[[ SOURCE MATERIAL open ]]

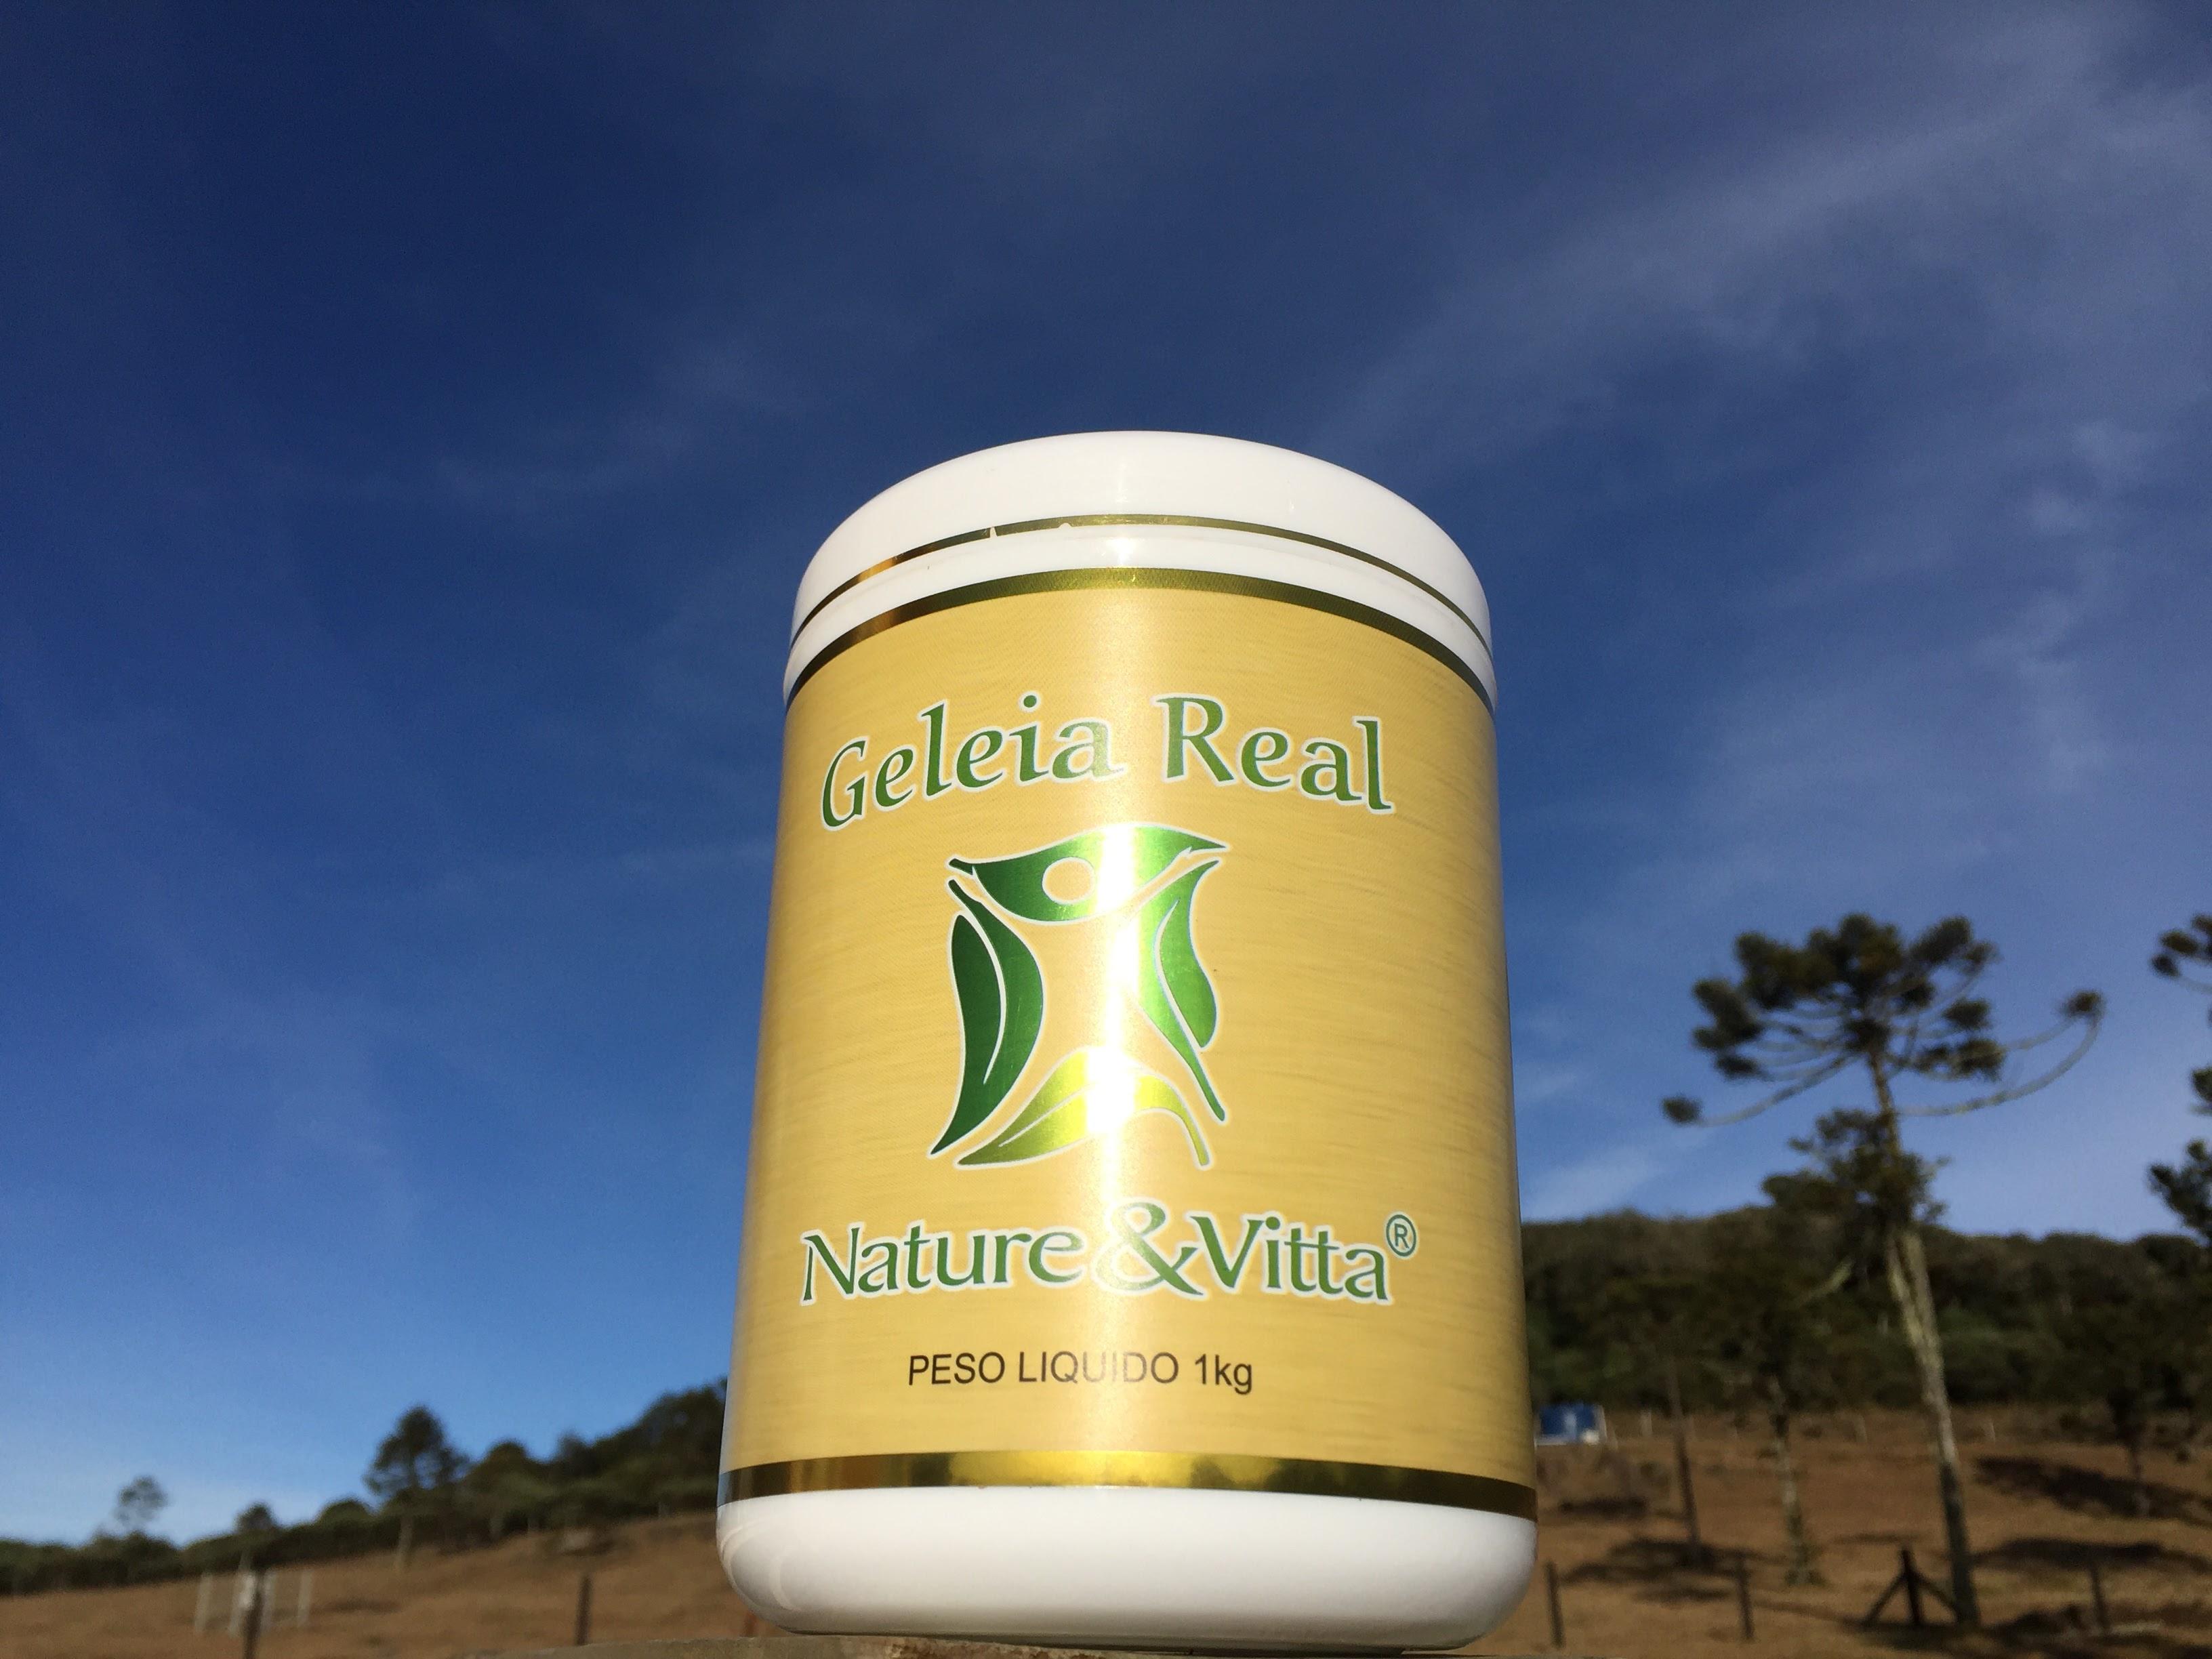 Geleia Real Nature&Vitta 1kg
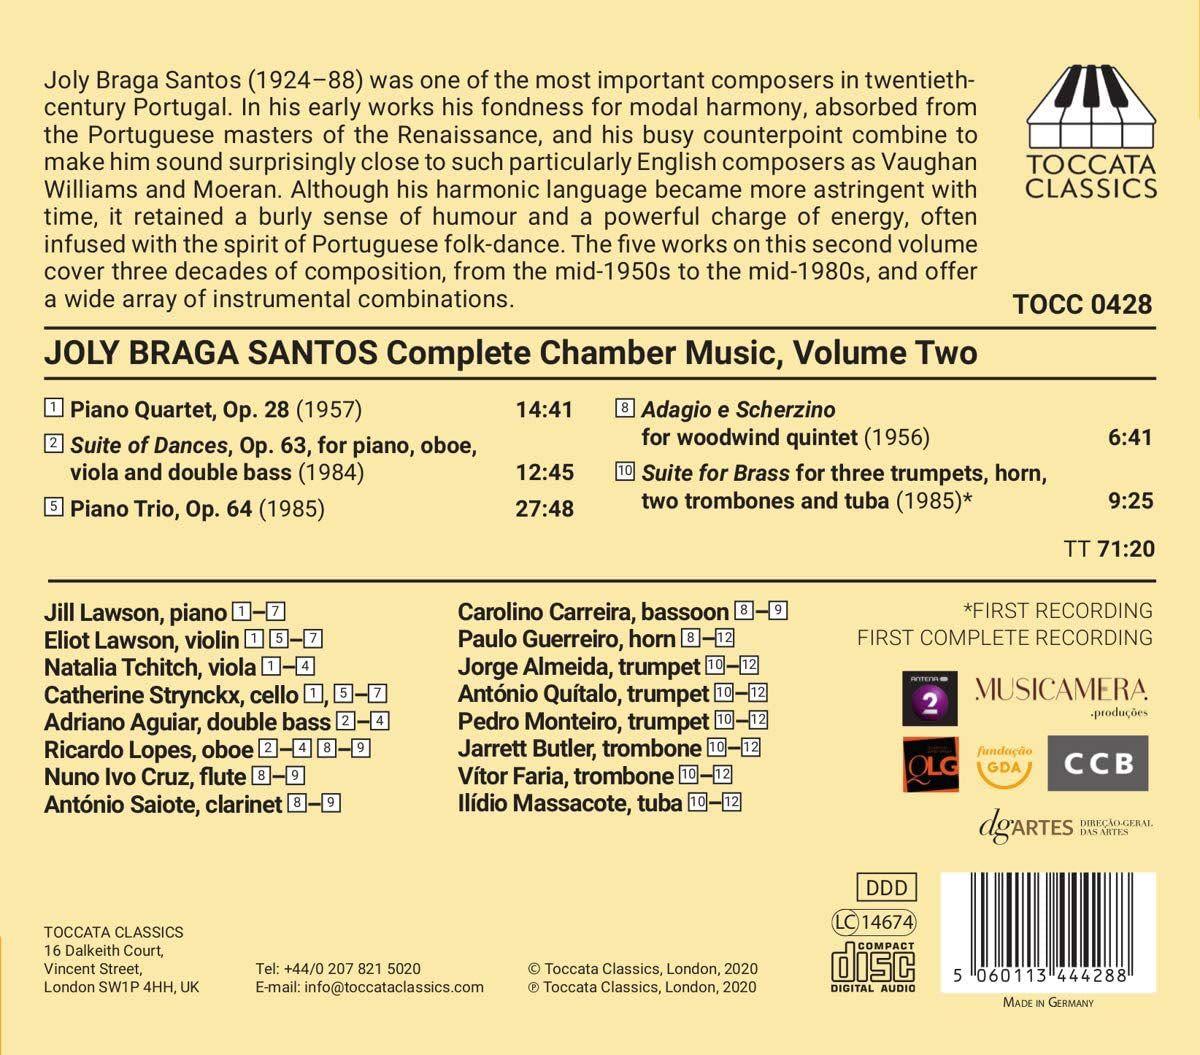 Photo No.2 of Joly Braga Santos: Complete Chamber Music, Volume Two
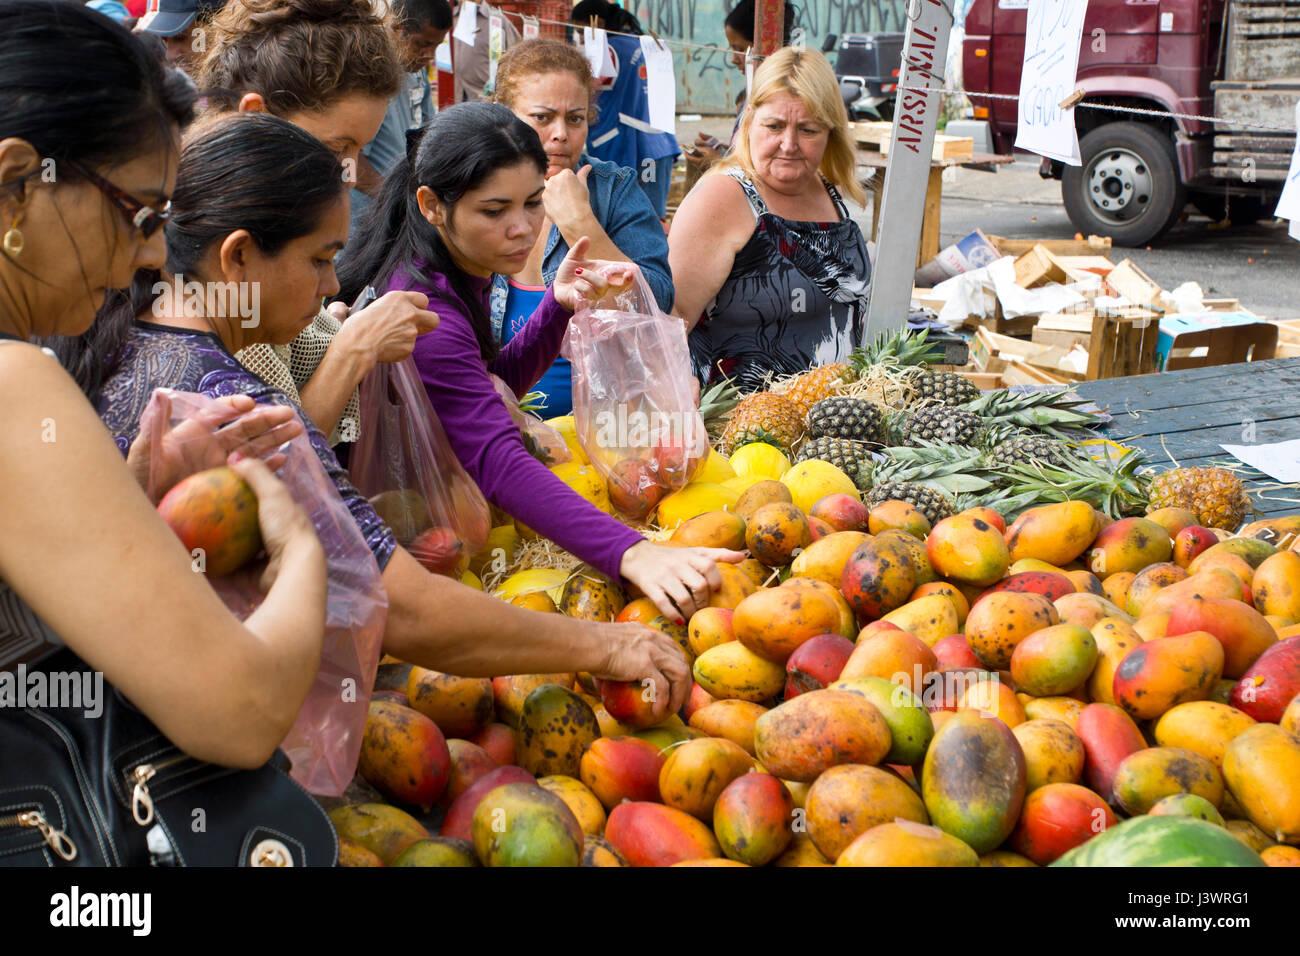 brazilian markets offer a huge  variation of fruits and vegetables - Stock Image

[[ SOURCE MATERIAL closed ]]

TASK DIRECTIONS –
Please transcribe the whole listing above exactly, with the images left out.

COMPLETED EXERCISE –
 Geleia Real Nature&Vitta 1kg
 Photo No.2 of Joly Braga Santos: Complete Chamber Music, Volume Two
 brazilian markets offer a huge  variation of fruits and vegetables - Stock Image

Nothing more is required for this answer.